To była pierwsza impreza kiedy skorzystałem z darmowego noclegu zapewnianego przez organizatora. Ma to swój klimat, a na Chudym Wawrzyńcu była to naprawdę super sprawa. Można było pogadać, po integrować się i wczuć w atmosferę nadchodzącego biegu razem z współtowarzyszami niedoli :)
3..2..1..START!
Wieczorem nie było za dużo spania, bo położyłem się spać ok 22, a trzeba było już być na nogach koło 1-2 w nocy. Oczywiście odpowiednio wcześniej przygotowałem sprzęt, tak aby rano tylko skorzystać z toalety, zjeść coś w ramach „śniadania” i być gotowym na transport na miejsce startu. Startowaliśmy w niedaleko oddalonej od Ujsoł – Rajczy, a dokładniej z amfiteatru.
Początkowo małe przemówienie bodajże burmistrza? oraz organizatorów. Rozgrzewka, sprawdzenie sprzętu, ostatnie zagrzewanie do walki i wystrzał startera! Założeniem było aby się trzymać razem z Rafałem i Januszem, ponieważ dla Janga to nie było pierwsze ultra, a Magda chciała pobiec swoim tempem.

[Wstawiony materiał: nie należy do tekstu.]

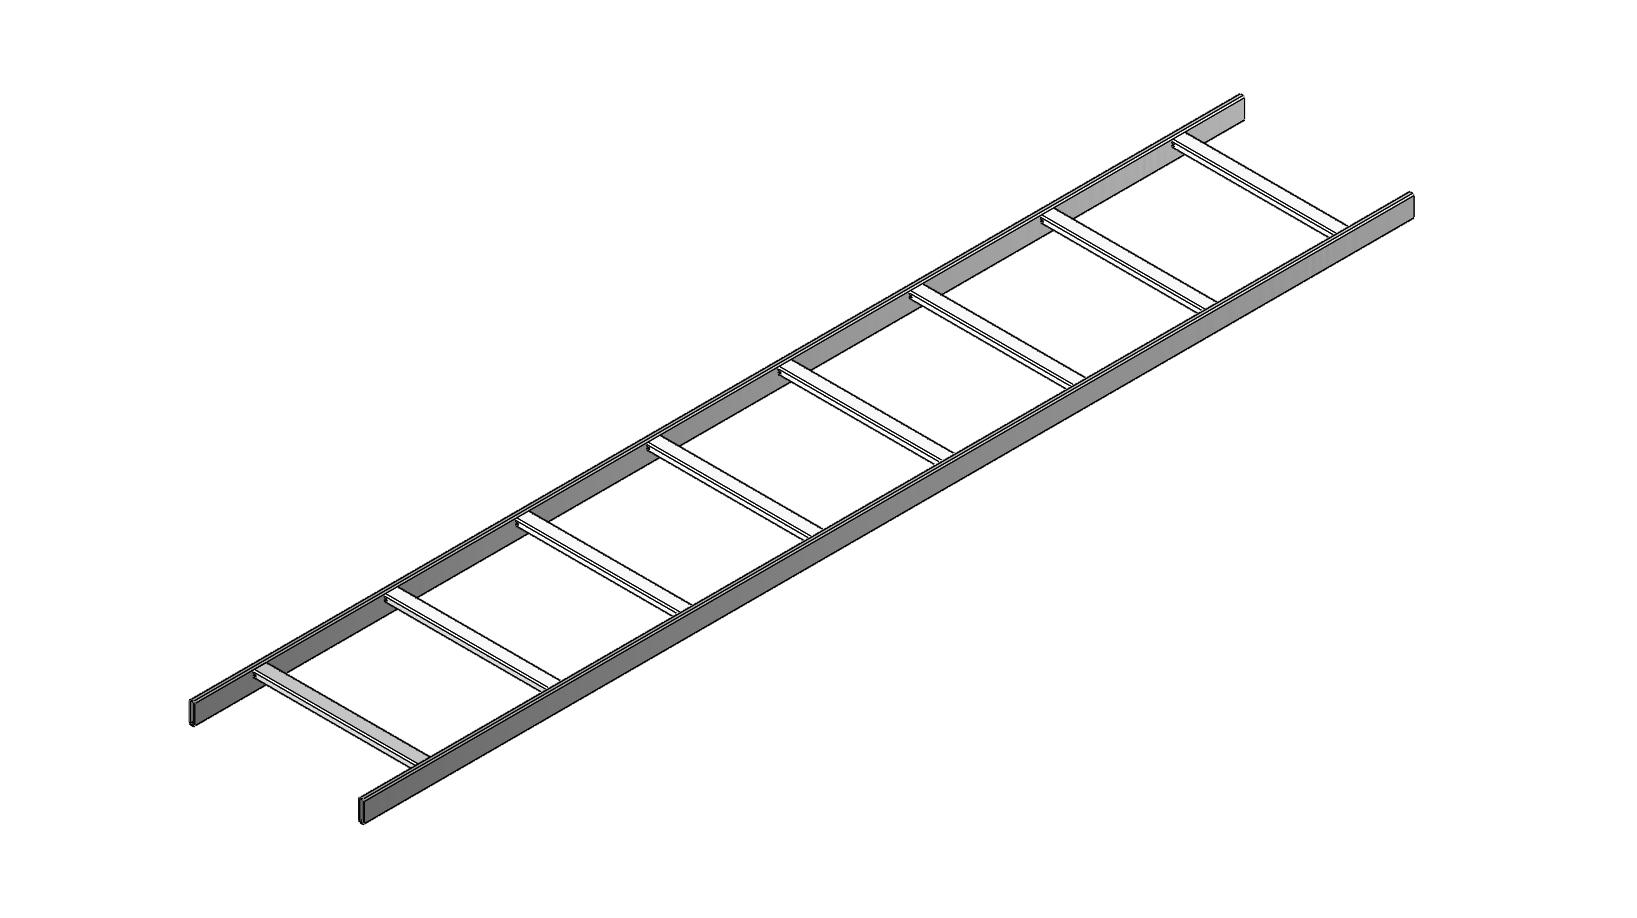 Section I - Ladder Rack

Początek biegu to asfaltowe drogi gdzie trzeba biec spokojnie bez pośpiechu, aby nie spalić się na kolejnych kilometrach. Pierwsze podejścia wszystko mogą zweryfikować. Biegliśmy tak ok. 10 km aż do momentu… zgubienia trasy. Pobiegliśmy za tłumem i dopiero po ok 3 km tłum zorientował się, że jest coś nie tak. Na trasie był popularne „faworki” z taśmy, które wyznaczały przebieg trasy. Ktoś chciał dzwonić do organizatorów, ale w końcu wg mapy cofnęliśmy się i trafiliśmy z powrotem na dobre tory. Przez ten 'incydent’ w sumie nadrobiliśmy ponad 5 km.
Pogoda i dalszy bieg
Prawie od początku padał deszcz. Stopniowo zwiększając swoją intensywność, aż do skrajnych momentów gdzie była ściana deszczu. Tego dnia było raptem 5-6 stopni Celsjusza. Nie było przyjemnie i tak walczyliśmy z pogodą aż do punktu odżywczego, który był dla mnie i Rafała zbawczy (Janusz czuł się na siłach by biec szybciej i powalczyć z trasą 80+ więc się odłączył, a my biegliśmy we dwóch). W punkcie dopisywały nam humory mimo, że był ziąb i lekko opadliśmy z sił. Byliśmy tam prawie 40 minut, ale było warto. Była wspaniała gorąca herbata, podjedliśmy trochę i kombinowaliśmy co zrobić aby było cieplej na trasie. Ostatecznie wykonaliśmy sobie t-shirty z folii NRC pod kurtki, tak aby kumulować ciepło. Z resztek folii zrobiliśmy pseudo-rękawiczki :)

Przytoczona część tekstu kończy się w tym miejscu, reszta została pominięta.